GPU Memory Usage Prediction for Generative AI Serving Pipelines with Queue, Latency, and Utilization Signals

Lee Ji-su

doi:10.69987/JACS.2026.60701

Authors

Lee Ji-su Computer Science, Postech, Pohang, GB, South Korea Author

DOI:

https://doi.org/10.69987/JACS.2026.60701

Keywords:

generative AI serving, GPU memory prediction, diffusion pipelines, queueing signals, latency-aware forecasting, GPU utilization, GenTD26, serverless inference

Abstract

Generative AI serving pipelines combine prompt processing, model and adapter selection, iterative generation, queueing, and GPU-resident state, so their memory footprint depends on more than request volume alone.
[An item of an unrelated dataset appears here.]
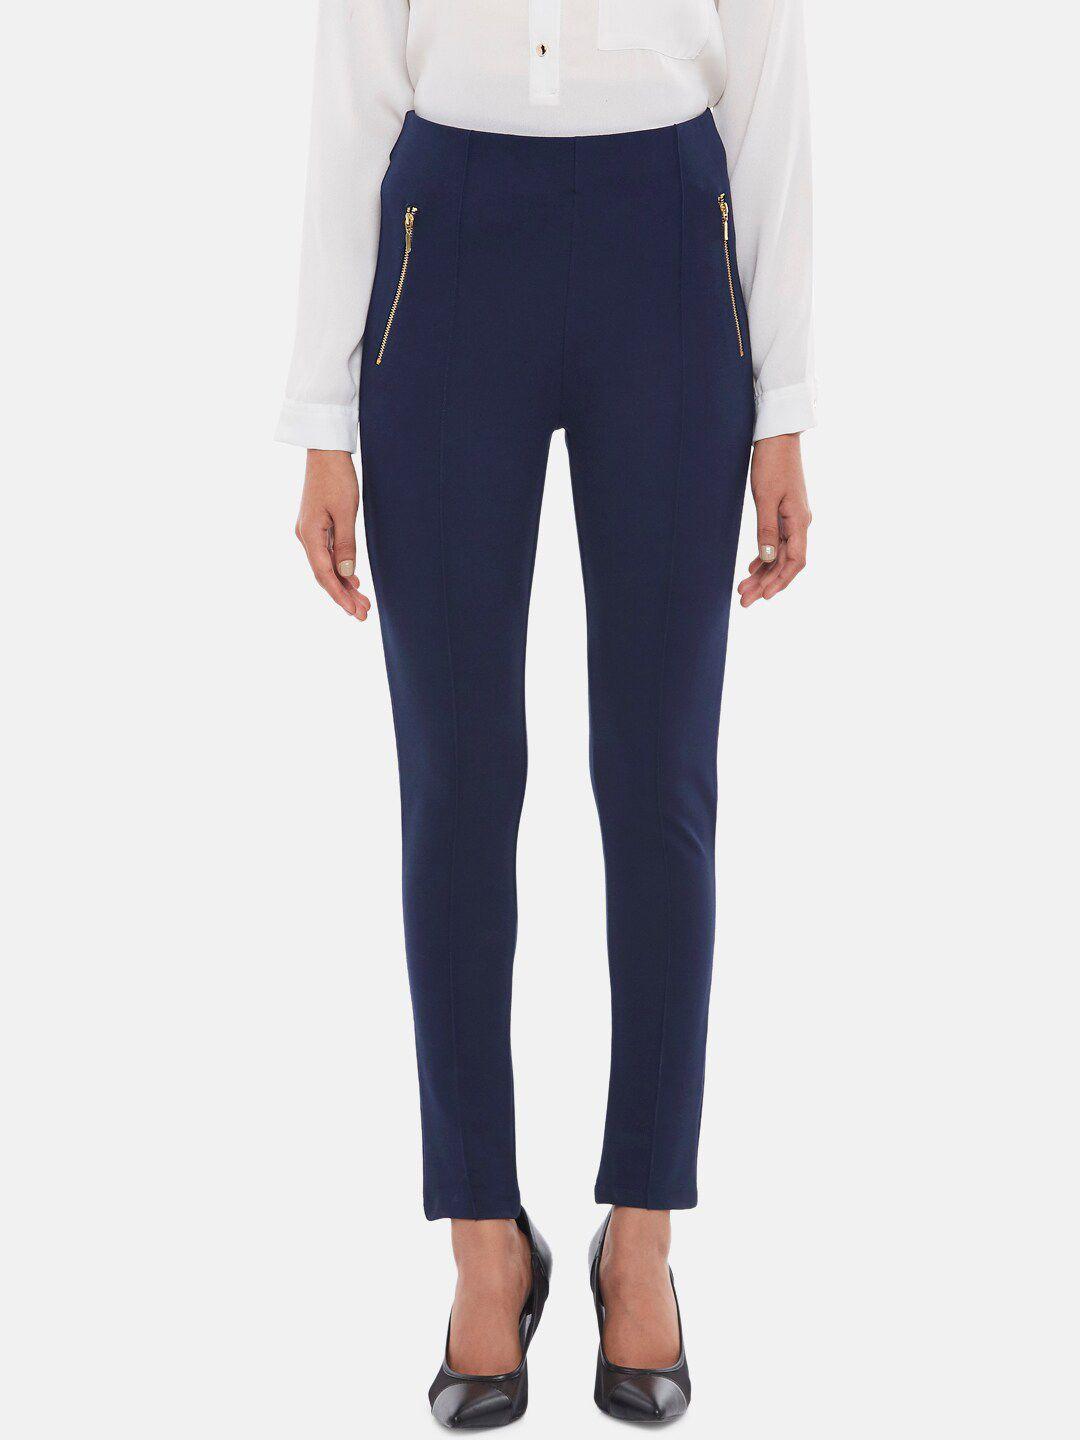 annabelle-by-pantaloons-women-navy-blue-solid-skinny-fit-treggings

This study investigates next-window GPU memory prediction with cross-layer signals from Alibaba GenTD26. The public request trace is transformed into a deterministic pod-window benchmark containing 12,253 active 10-minute samples constructed from 26,823 request records and 143 reproducible pseudo-pods. The feature space combines request complexity, queue pressure, execution and pipeline latency, GPU duty-cycle proxy, pod-memory-utilization proxy, and recent resident-memory lags. Six predictors are evaluated with chronological train, validation, and test partitions. Stochastic-gradient regression provides the lowest test RMSE at 2.588 GiB, with MAE 1.903 GiB and R² 0.608; Ridge and ExtraTrees follow closely. A feature ablation reduces DecisionTree RMSE from 3.469 GiB with request-only variables to 2.889 GiB with the full cross-layer signal set, a 16.7% reduction. Error increases from the 10-minute to the 30-minute horizon, emphasizing the value of near-term forecasts for admission control, pod selection, and warm-state management. The results show that queue, latency, utilization, and recent memory state jointly provide a practical basis for lightweight GPU-memory forecasting in generative serving pipelines.